PARLIAMENT has urged government to support its “Zimbabwe is open for business” mantra by introducing investor-friendly policies.
The Mines and Energy Portfolio Committee said this in a report following the cancellation of licences for several diamond mining companies who used to operate in the Chiadzwa to pave way for the creation of Zimbabwe Consolidated Diamond Company (ZMDC).
“The joint venture partners of ZMDC were bitter on what they went through as a result of the consolidation process,” the report said.
“The views of the investors can be summed up in the words of Lovemore Kurotwi from Canadile who said ‘in as far as investors are concerned, Zimbabwe is a lion’s den, and investors will come at their own peril because there is no guarantee that when you invest you will get your money back.

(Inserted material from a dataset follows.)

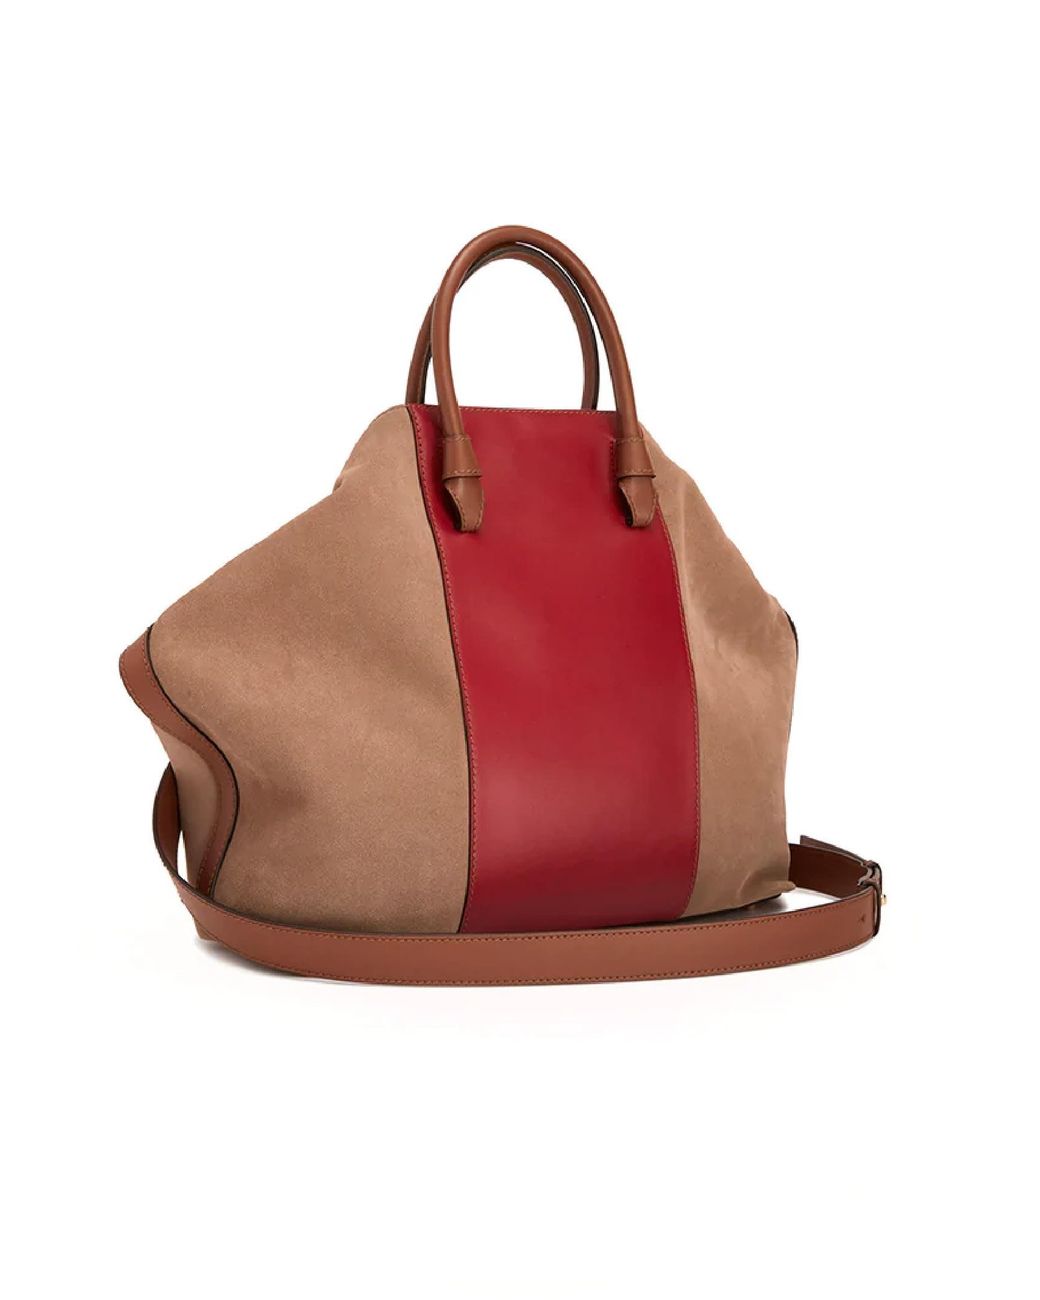 FURLA shoulder bag Miastella Tote Bag L, Buy bags, purses & accessories  online

I am a victim of that and it has taken me almost 10 years to recover what we had invested genuinely’.”
Investors in Chiadzwa also accused the Mines ministry of flouting investment agreements and for not respecting the laws of the country during the hostile takeover of their concessions where police came armed with AK47 riffles to forcefully remove them.
“In the case of Anjin and Mbada, their investment agreements did not have a timeframe in which the special grants would expire. Their operations would continue as long as they paid the statutory fees and at the time of the takeover the statutory obligations had been paid. As for DTZ Ozgeo and Rera, their special grants had not expired, but the government took them over. It is the committee’s position that such kind of treatment of investors will only scare away investment,” the report said.

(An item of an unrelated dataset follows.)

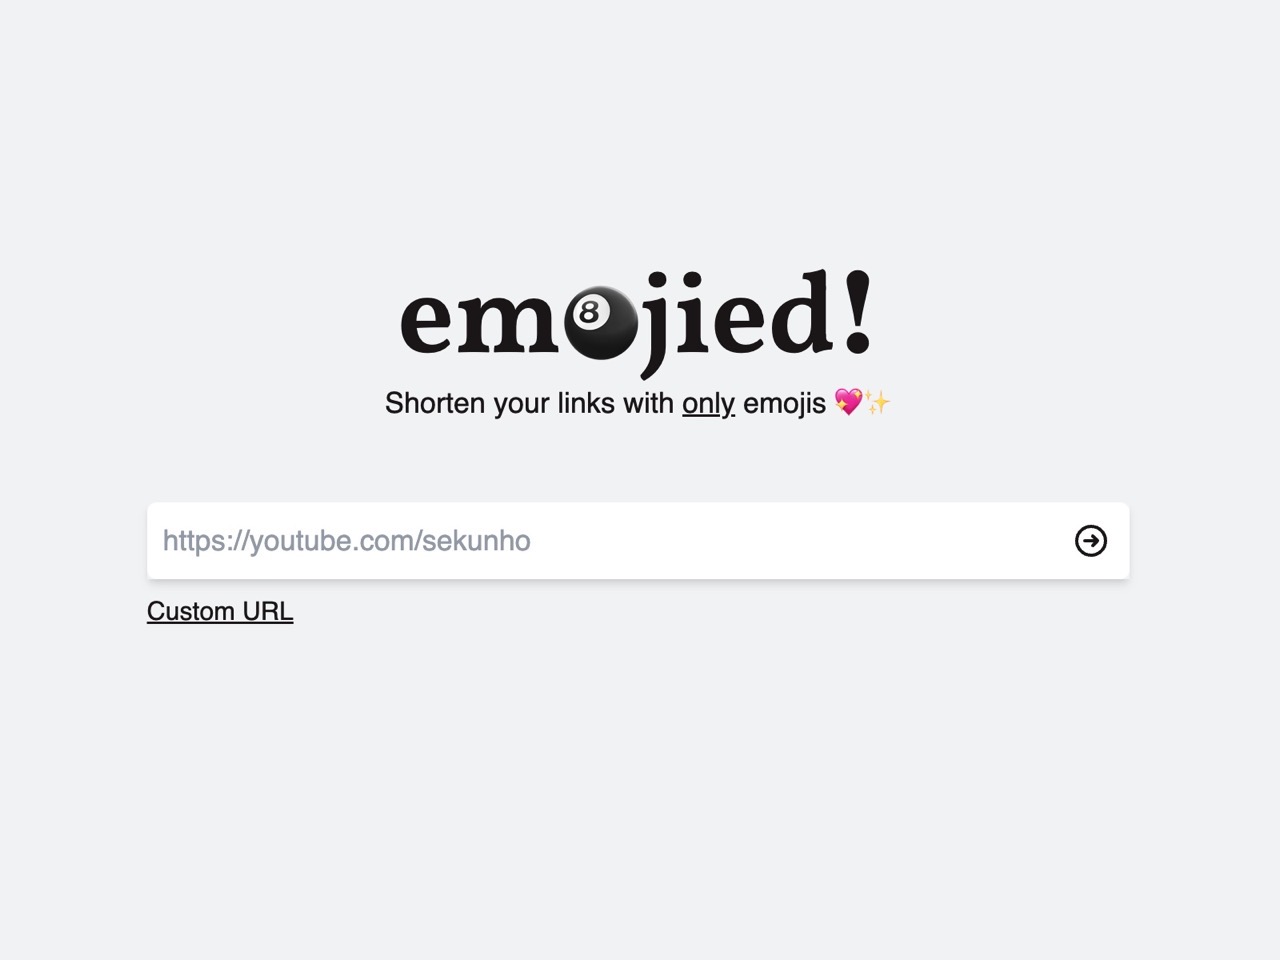 Emojied 免費縮網址工具，讓短網址帶有個性化表情符號😂

Parliament pointed out section 71 of the Constitution requires the respect of property rights, adding that investors should be protected from any acts of corruption in order to secure a license or protect their investments.
“Kurotwi claimed he lost his diamond concession as a result of failing to pay a bribe Obert Mpofu (the former Mines and Mining Development minister). Furthermore, the committee was told that some investors were forced to pay legal fees to Farai Mutamangira for unknown services,” the report said.